The funny thing is, it’s not clear if the speaker comfortably embraces the traditions that she’s gathered here. The “How To” poems often strike me as humorously eccentric when compared to our modern know-how (crab shell powder for arthritis, anyone?). As well, there’s a suggestion that the speaker doesn’t fully understand what she’s tasting when she consumes rambutan and dragonfruit: “But a brailled slice tasted subtle as melon, as if its flavour dimmed at the close of my lips” (34). Still reaching for similes to describe the sensory experience, the speaker seems to find the “moment” or “act” of cultural inheritance (i.e.: tasting), somewhat anticlimactic, or at least continually elusive. What do you make of that line?
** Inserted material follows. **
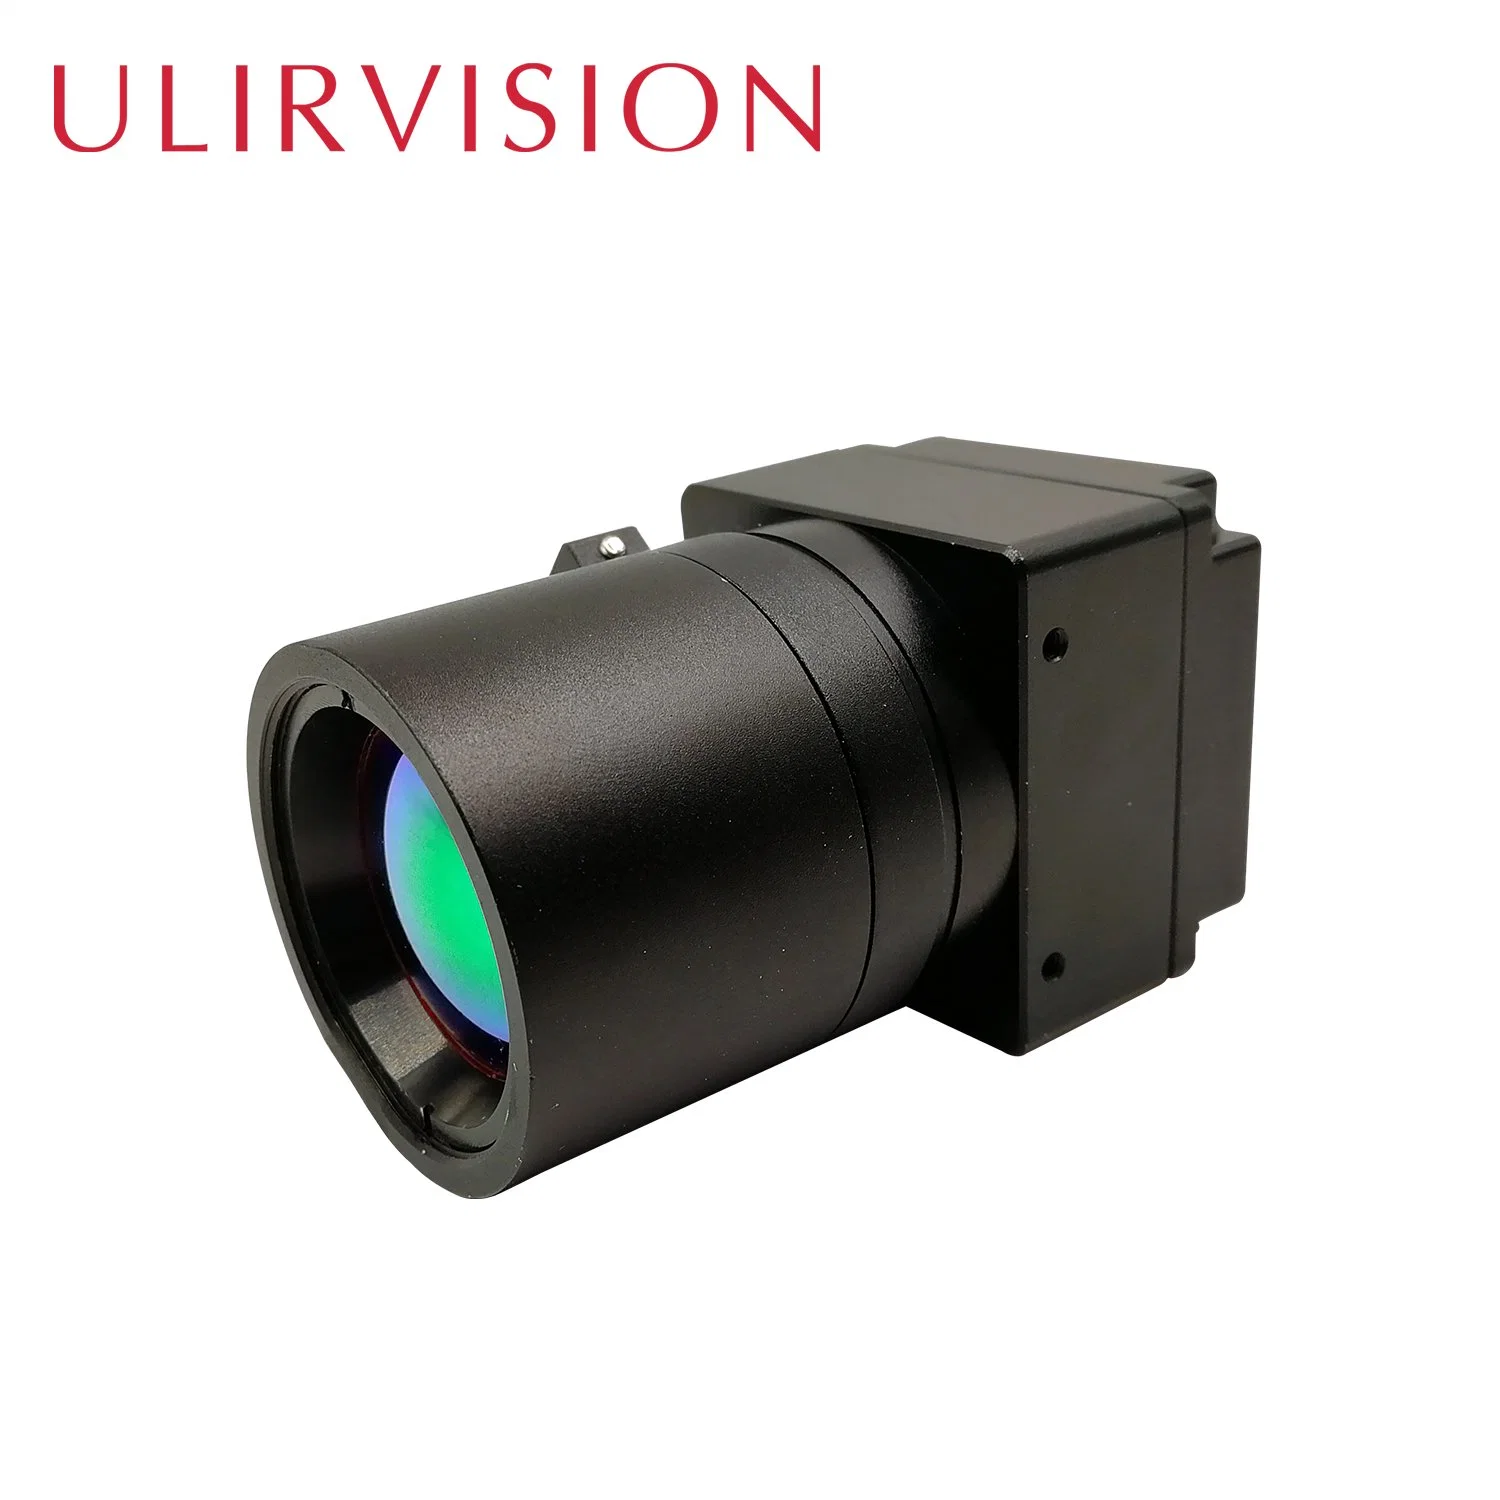 Boa qualidade de Núcleo de câmaras de infravermelhos Moudle térmica TC690/TC390 para integração do sistema de vigilância e de defesa
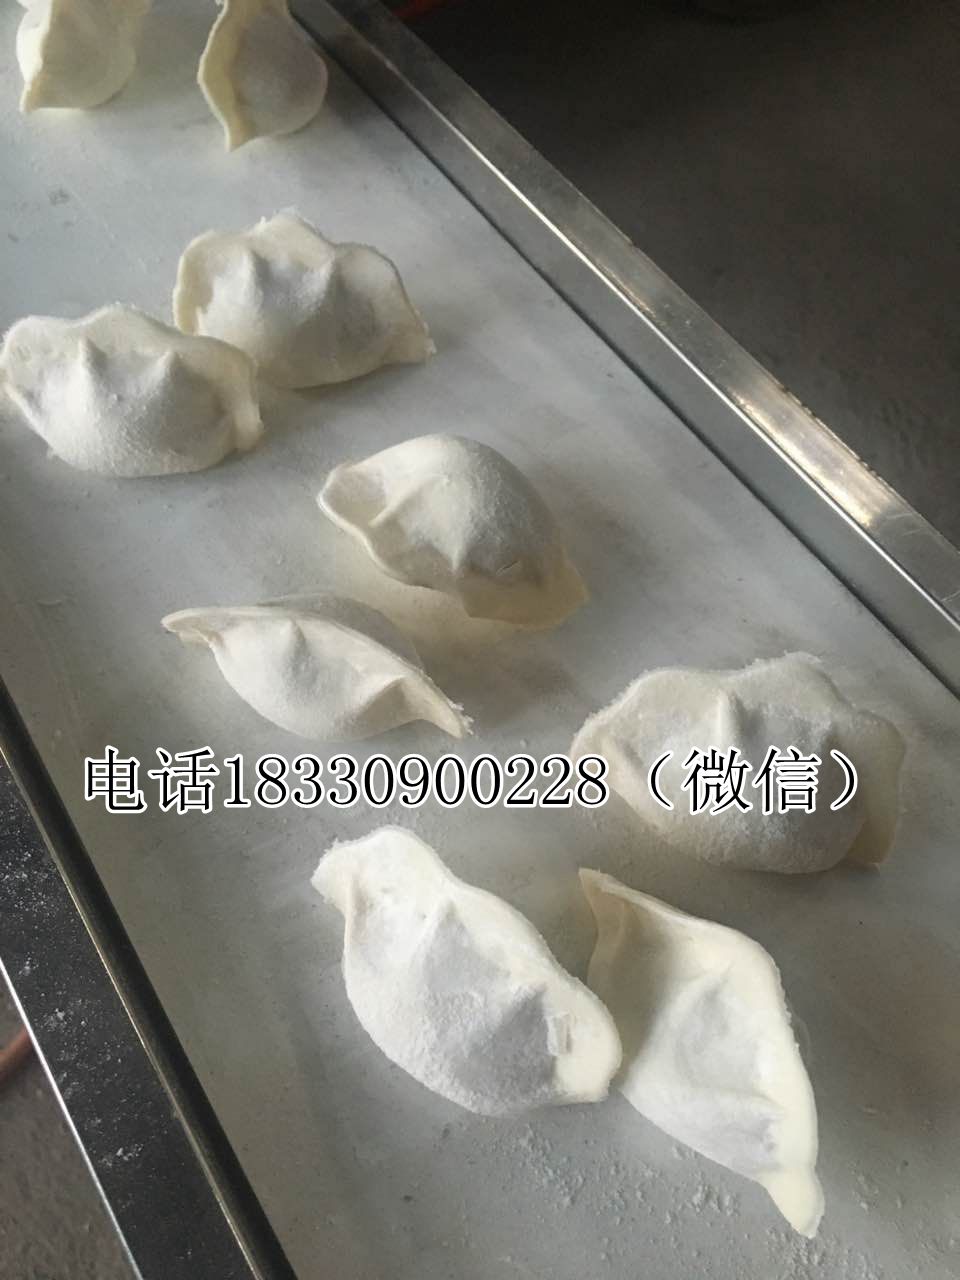 邢台市包饺子机 饺子机器 小型饺子机厂家包饺子机 饺子机器 小型饺子机

M: I think you’re right to latch on to that simile as indicative of something central to the concerns of the poem, and the book overall. Not only does the simile pair the known (the melon) with the unknown (the dragonfruit), but it also cleverly juxtaposes present and past: the melons that have been eaten and the rambutan being eaten, whose taste must be expressed as recalling something else, before familiarity eventually colours it as unique. The line becomes even more striking when it is considered together with the preceding sentence: “And dragon fruit, chemical-pink shone with tiny black seeds. But a brailled slice tasted melon…” (34). The reader is moved in quick succession from the lush visual “chemical pink” to descriptors of taste and touch; and the inclusion of the adjective “brailled” seems to almost preclude any sense of sight by evoking the raised bumps of the dragonfruit’s seeds as a way of “reading” the fruit’s meaning while being in some sense metaphorically blind.
In an interview with Miel Press, Sze states
I suppose my first draft was terrible because I was trying too hard to answer something. The book as it is now doesn’t. And I like it better this way. What do we do with all this history anyway?
This stuck with me: I appreciate her honesty, her lack of any parochial designs upon the reader. And I think it might have some bearing, in a roundabout way, on your observation that in many of these poems the speaker’s moment of cultural inheritance is “anticlimactic, continually elusive.” I would agree that Sze is implying as much: such moments that we would hope to be catalytic are often anticlimactic. In a way similar to Sze’s observation about her own first draft, Peeling Rambutan questions our tendency to expect certain cultural experiences to “answer something” without understanding that any definite answer is no answer, while also poignantly revelling in the context that allows such experiences to arise.
LR: Yes, the wonder of the “taste,” the moment of bafflement. Like the best poets, Sze puts experience first before interpretation.